Ms. Davis says official speculations estimate office vacancy may grow to 17-20% within the next year.
“Still not crazy. In the downturn, the Great Recession, we were all the way up to 30%, so it’s perspectives,” Ms. Davis said.
Of the companies who occupy 50,000-100,000 square foot spaces --- which Ms. Davis says there aren’t a lot of in the Valley --- there will likely be a decrease in footprint.
“They’ll have to decide what they’re going to do with their real estate,” she said. “They probably will cut their footprints by half. So, you have 100,000-square foot spaces going down to 50,000-square feet --- so either they stay where they are or go and find a new location, so we will have a reset.”
Ms. Davis says of either option, there will still be occupancy occurring.
“We are seeing more sublease space coming on the market, and that is kind of a good thing,” she pointed out.
Ms. Davis says in the past month, she has had two listings for subleases --- with one sublet being leased almost immediately to a growing cleaning company.
“We have companies that are expanding because of opportunities in the market and they need real space where they didn’t yesterday; we have companies that are looking to downsize,” she said.
Mr. Camacho agrees.
“The amount of space available has increased compared to the last quarter with 20.7 million square feet available. Historically, Greater Phoenix has generally shown positive rental rate growth year-over-year, but rental rates are moderating because of the effects of COVID-19,” he explained.
“Prior to the pandemic, retail was already facing an uncertain future due to shifting real estate trends such as significant number of retailers filing for bankruptcy, and the pandemic is accelerating some of those changes.”
Ms. Davis says the industrial leasing sector is “on fire!”
“I’ve got a lot of people from Chicago calling me, from Washington state, from California and Colorado --- wanting to relocate their business to Arizona --- oh, and Canada!” she proclaimed.
Being within the largest growing county in United States, Ms. Davis says she doesn’t see COVID-19 slowing down the mass exodus to Arizona.
“We still have tons of people moving here.

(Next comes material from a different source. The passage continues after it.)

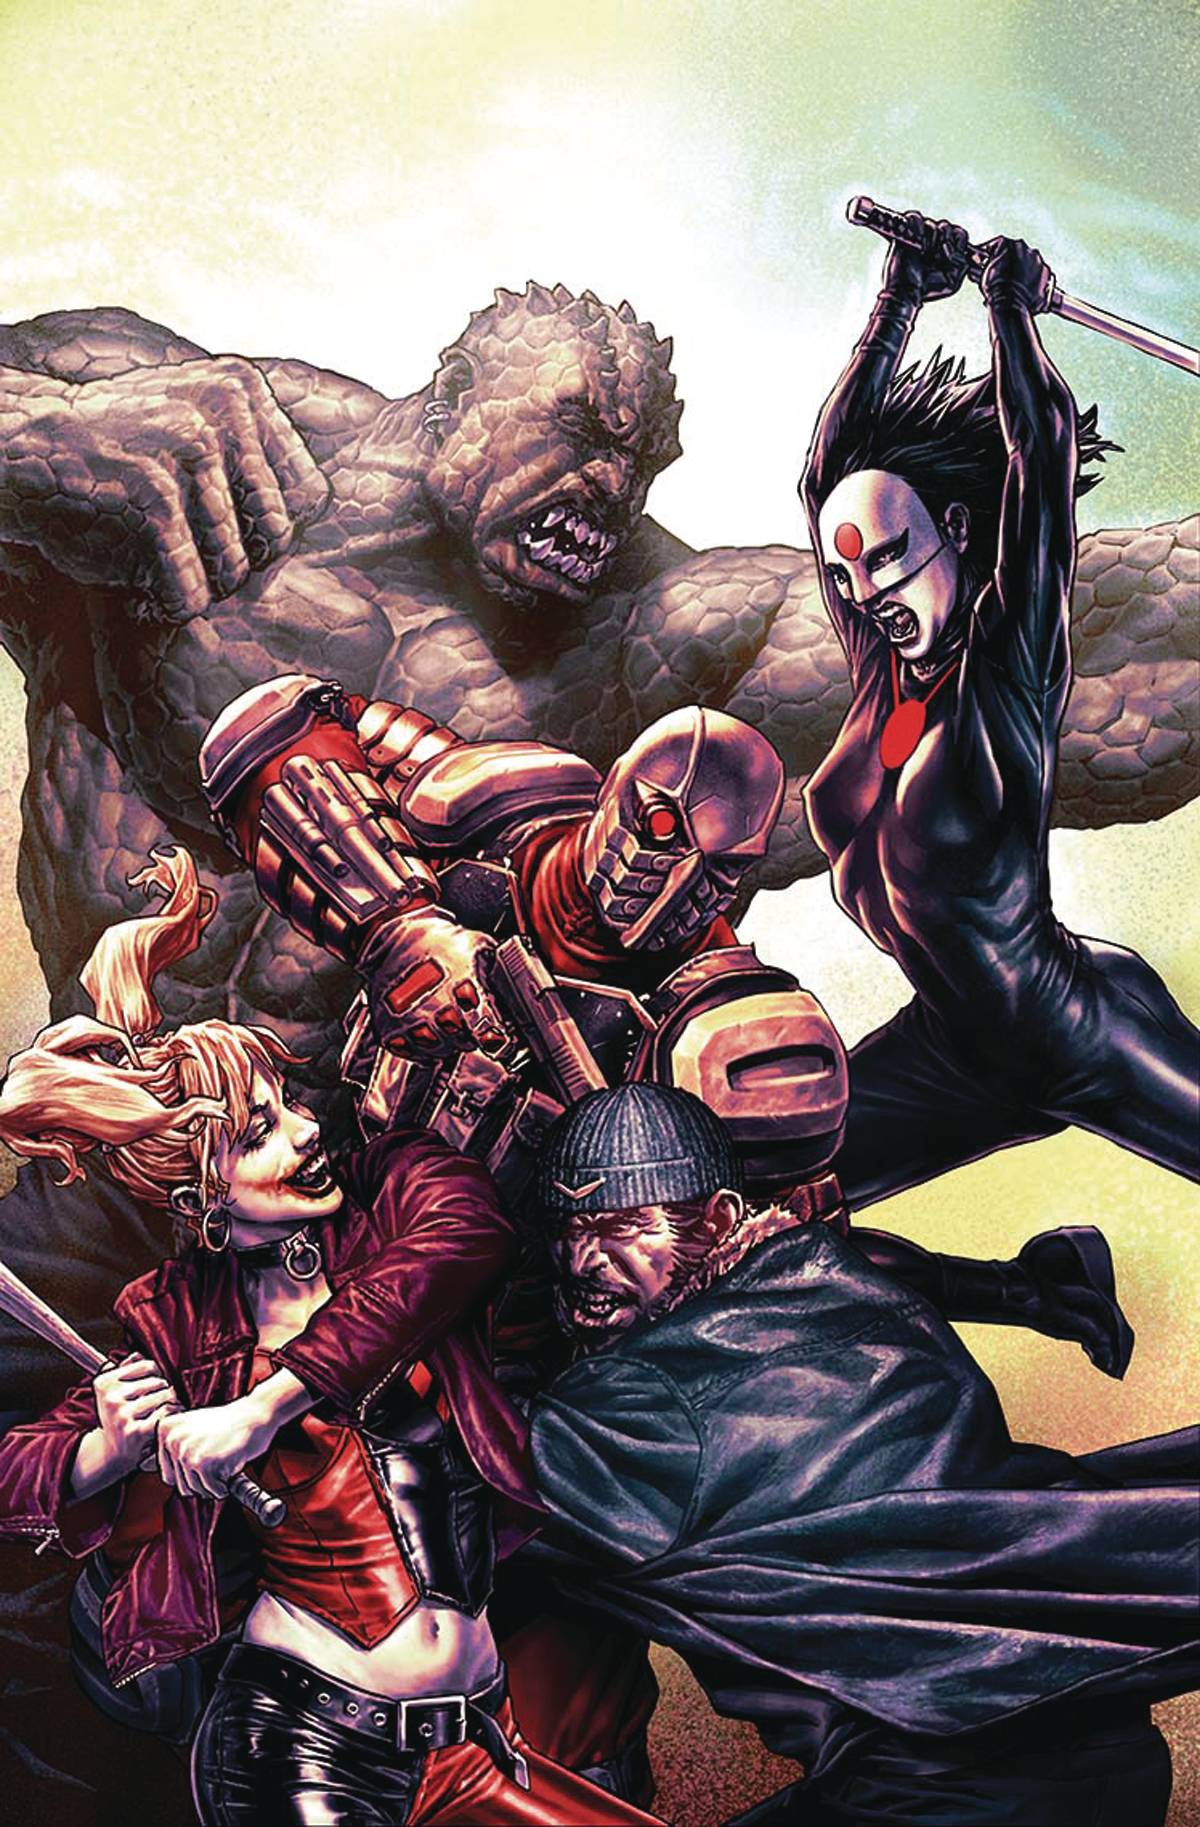 Suicide Squad #10 Variant Edition (Justice League Vs Suicide Squad)

Our real estate, the values for homes, haven’t been dented at all from all of the Realtors I’m talking to,” she said.
Mr. Camacho says the county growth data is typically reported annually, but GPEC fully anticipates Maricopa County to continue to grow.
“We’re still very bullish on the region’s job and population growth prospects as we emerge from COVID and the chips settle, especially with the transportation of workplace into a remote one,” Mr. Camacho pointed out.

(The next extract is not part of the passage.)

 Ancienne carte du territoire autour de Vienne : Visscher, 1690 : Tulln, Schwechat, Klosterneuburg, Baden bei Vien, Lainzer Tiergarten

“Recently, Phoenix was ranked the best U.S. city for remote workers and we expect a positive gain of high-skilled workers from high-cost markets like California and Seattle and in search of a better quality of life and affordability. Greater Phoenix is a great place to do business and has been, and despite the current downturn, we’re still seeing positive traction on the locate and expansion front, and our prospect pipeline is full. As people and workers rethink lifestyle, affordability and home life, the initial feedback we’re getting from portfolio companies and tech firms is that they’re betting on the future of Greater Phoenix because of the individual workforce conversation.”
Ms. Davis closes out by stating, while the conversation has been focused on available lease space the inventory to buy a work space is nearly non-existent.
“A lot of stats are for the rest of the country, and big metropolitan areas, but because we have newer buildings, and they’re not as high density, they’re easier to retrofit for up and coming different standards offices will want or employees will want --- I don’t see it as dooms day here,” she said.